Cumhurbaşkanı Recep Tayyip Erdoğan, Cumhurbaşkanlığı Külliyesi’nde gerçekleştirilen 10. Anadolu Medya Ödülleri programında yaptığı konuşmada dikkat çeken mesajlar verdi. Erdoğan, “Her steteskop takana doktor demiyorsak eline mikrofon alıp sokağa çıkan herkes gazeteci değildir, basın mensubu değildir” dedi.
Konuşmasında Filistin’de hayatını kaybeden gazetecilere de değinen Erdoğan, “Gazze başta olmak üzere gönül coğrafyamızda canlarını veren gazeteci emekçileri rahmetle anıyorum. İsrail’in Gazze’ye yönelik acımasız saldırılarında 212 gazeteci şehit oldu” dedi.

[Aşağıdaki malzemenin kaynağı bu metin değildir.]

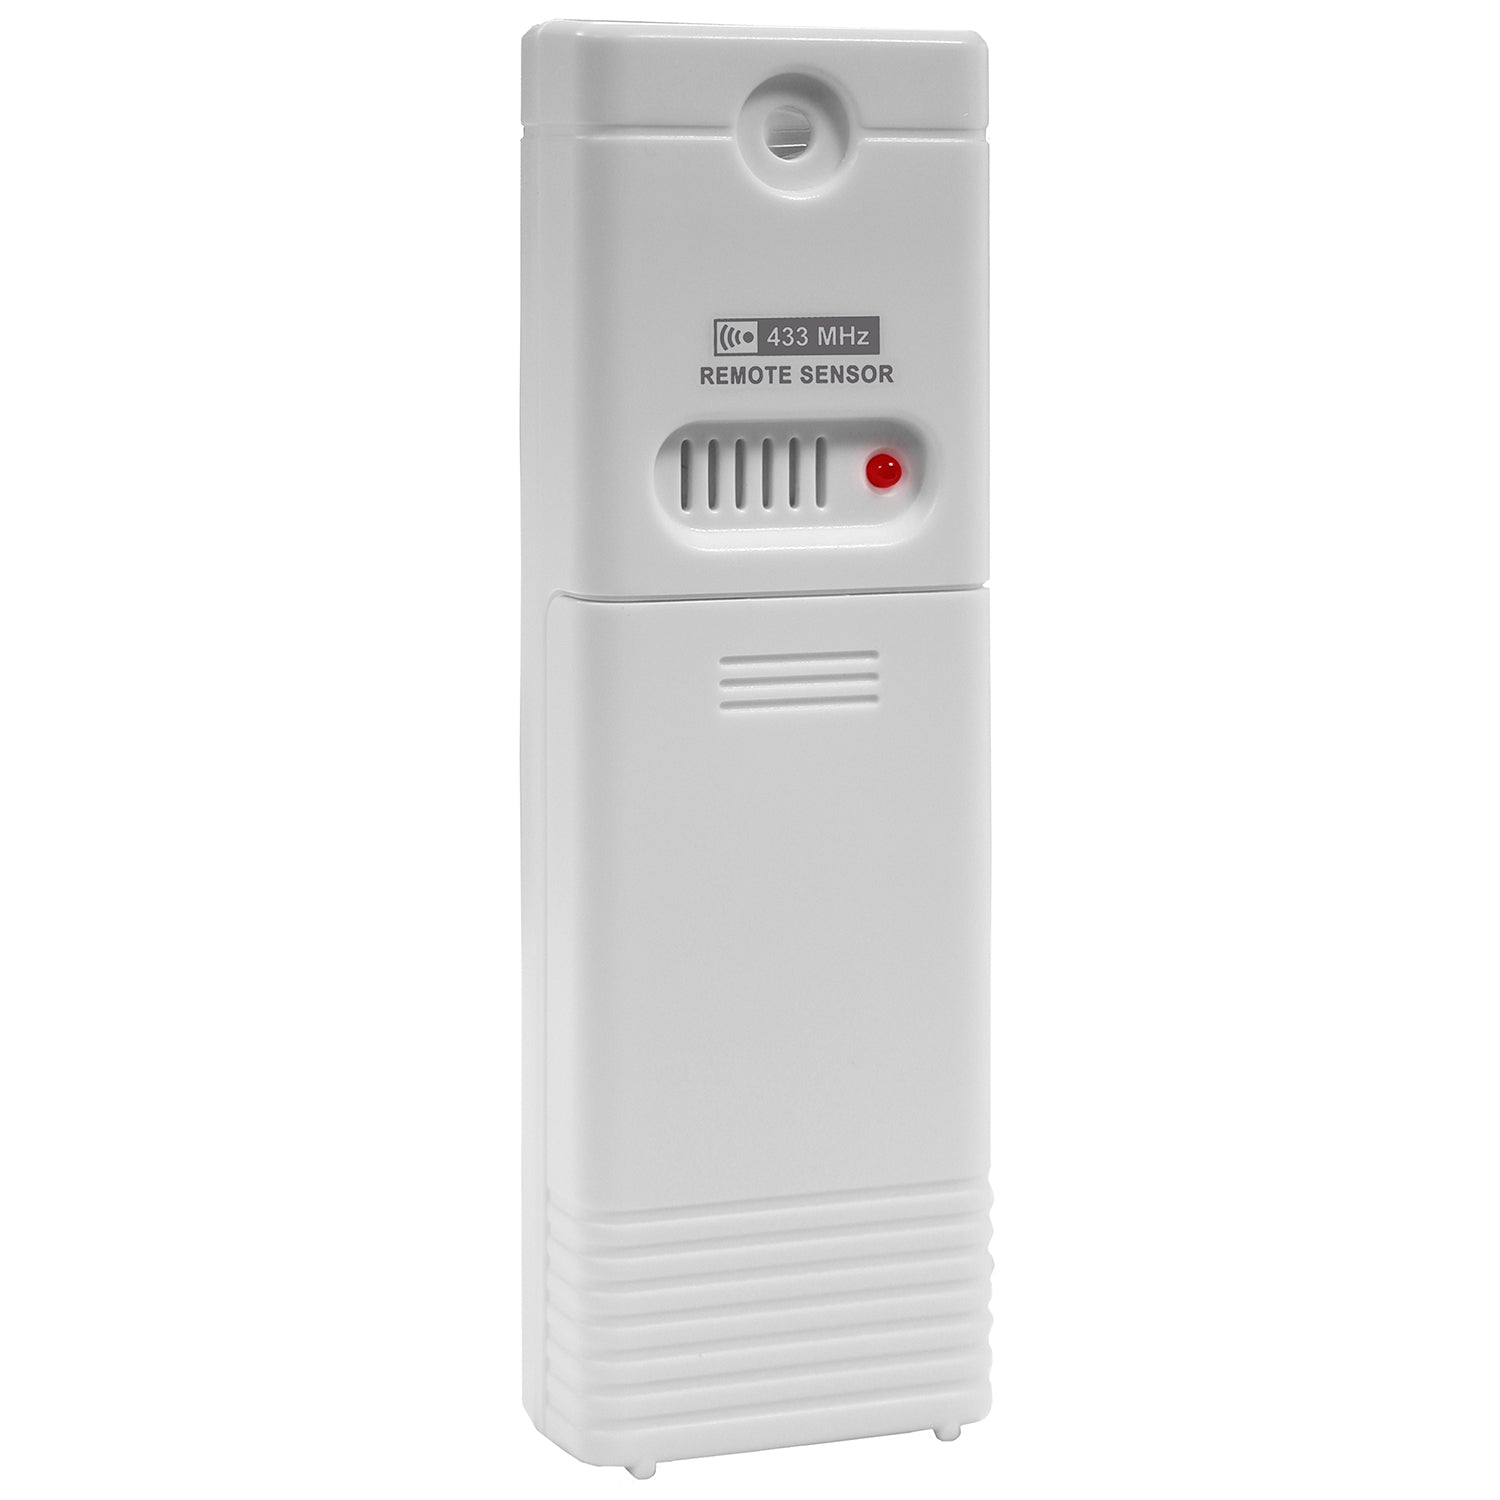 TX141 Wireless Temperature Sensor – La Crosse Technology

Anadolu medyasının demokrasinin temel direklerinden biri olduğunu söyleyen Erdoğan, “Anadolu medyası varsa milletin sesi vardır” ifadesiyle yerel basının halkla devlet arasındaki köprü rolüne dikkat çekti.
Siyasi hayatı boyunca medya tarafından hedef alındığını belirten Erdoğan, geçmişte yaşanan medya baskılarına da değinerek, “Manşetlerle çarpışa çarpışa geldik” dedi. Erdoğan, Türkiye’nin 2002 öncesine göre daha özgür bir medya iklimine sahip olduğunu savundu.
Erdoğan, provokatif yayıncılık yapan bazı kişi ve kuruluşlara tepki göstererek, “Eline bir mikrofon bir de kamera alan herkes kendini gazeteci sanıyor. Provokatif sorularla millet tahrik ediliyor. Yargı harekete geçince de ‘basın özgürlüğü’ diye yaygara kopartılıyor” ifadelerini kullandı.
Basın mensuplarına da çağrıda bulunan Erdoğan, gazeteciliğin itibarını koruma görevinin öncelikle sektörün kendi içinden gelmesi gerektiğini söyleyerek “Gazetecilik mesleğinin itibarına zarar verenlere karşı, önce basın mensuplarımız sonra da ilgili kurumlarımız gerekli adımları atmalıdır” dedi.
Konuşmasının sonunda Anadolu medyasına seslenen Erdoğan, “Doğru haberin, ilkeli duruşun ve ahlaklı yayıncılığın temsilcisi sizlersiniz. Bu millet size güveniyor, sizi dikkatle takip ediyor” diye konuştu.